In 1969 Arnheim, the US art educator, wrote that, apart from in kindergartens where the children were encouraged to invent shapes on paper or in clay and think through perception, their educational system was based mainly on the study of words and numbers. He claimed that because words and numbers were stressed more rigorously from Grade One onwards, the arts were reduced to a

‘desirable supplement’ (1969, p. 2). By the time competition for university places became acute, he concluded, it was a rare high school that insisted on the preservation of the Arts. He also claimed it was a rare university that welcomed the inclusion of visual arts. Unfortunately the same could be said today.

The neglect of the arts and the undervaluing of visual literacy and the creative process results from a prevailing assumption that affective perception

does not involve deep cognition. Arnheim believed that educators and adminis- trators would not give the arts an important position in the curriculum until they understood that the arts were a powerful means of strengthening the perceptual component of thinking, without which productive thinking in any field was impossible (1969, p. 3).

Second year students completing a component called Philosophy in Education with me, were asked to read a chapter from Eisner’s text The Kind of Schools We Need (1998). In this chapter he put forward an argument for valu- ing aesthetic modes of knowing. The comments he made on the status of the visual arts in schools echoed Arnheim’s description 30 years earlier.
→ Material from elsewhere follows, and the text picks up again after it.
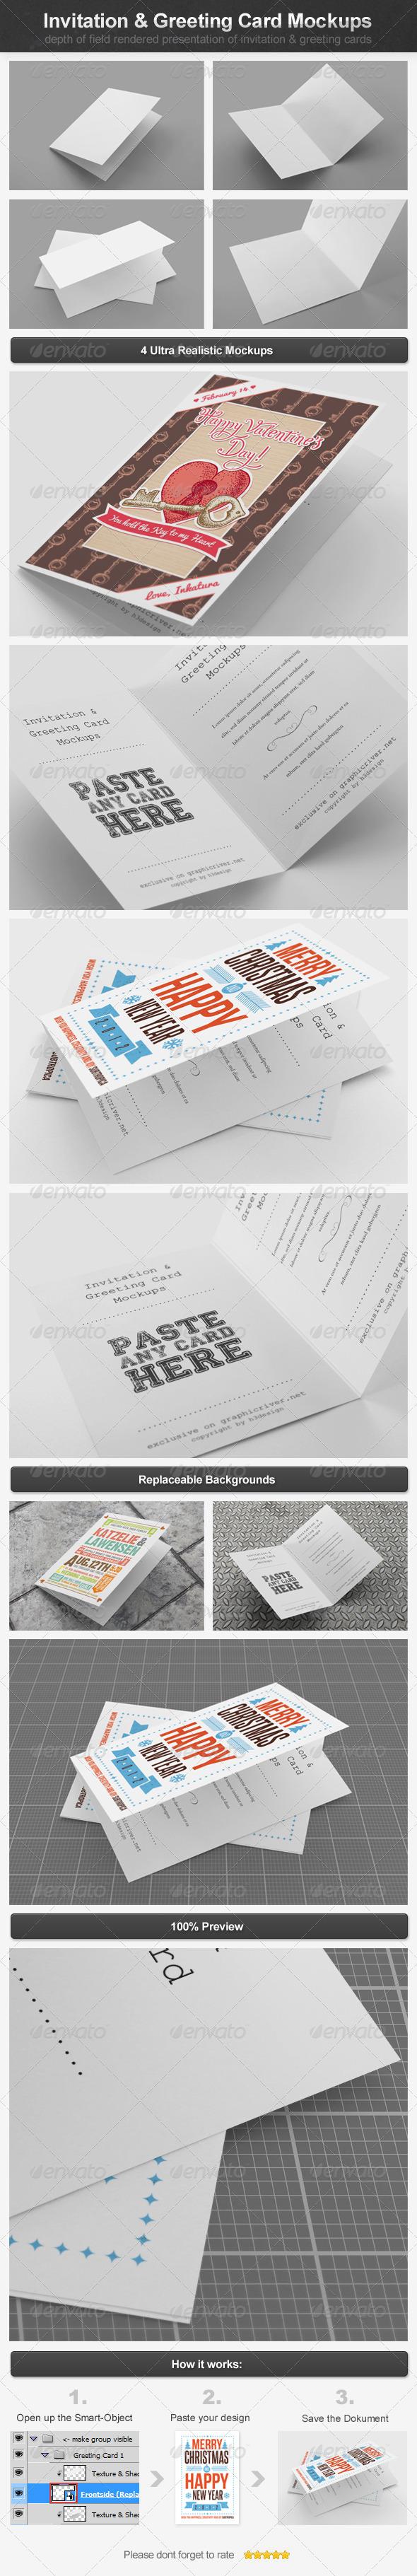 GraphicRiver Invitation & Greeting Card Mockups 4065116

When groups of students assembled to elicit the five main points of the article some made comments such as: ‘I read this over and over again and couldn’t make sense of it’; ‘I couldn’t understand a thing he was saying’; ‘What does aesthetics mean?’ Given the above, such questions and comments did not surprise me. But a lone voice said: ‘Why are we reading this, it’s common sense, it’s what happens in schools isn’t it?’ I will return to this remark later.

So what was Eisner (1998) saying in his chapter that was so foreign to the students? He claimed that Plato’s view that knowledge could not be relied on if we depend on information provided by the senses has had an enduring effect on conceptions of both knowledge and intelligence. To be intelligent is seen as the ability to move away from our senses and manipulate ideas in the same way abstract concepts are employed in mathematics. Then, he says, further down the perceived ‘hierarchy’ come the natural and social sciences because they depend on empirical information. Even lower in rank are the arts and making things, particularly if emotion enters the picture (pardon the pun). At this level people are described as talented rather than intelligent. In 2000 Gardner, presenting a paper in Melbourne, lamented the use of the ‘talent’, rather than ‘intelligence’, for those skilled in the fields of art, design and music.

Does the dearth of the aesthetic in the curriculum teach students that we do not value it? There are endless opportunities if teachers know where to look.

In a history method class, I recently asked some postgraduate student teachers (high achievers by most standards) to sketch a prominent person. They were embarrassed and ashamed of their sketches that were roughly equivalent to fifth graders (11 year olds). I think the sketches offer a snapshot of a gap in their education. Why aren’t their drawing and writing skills equally honed in their 15 plus years of education?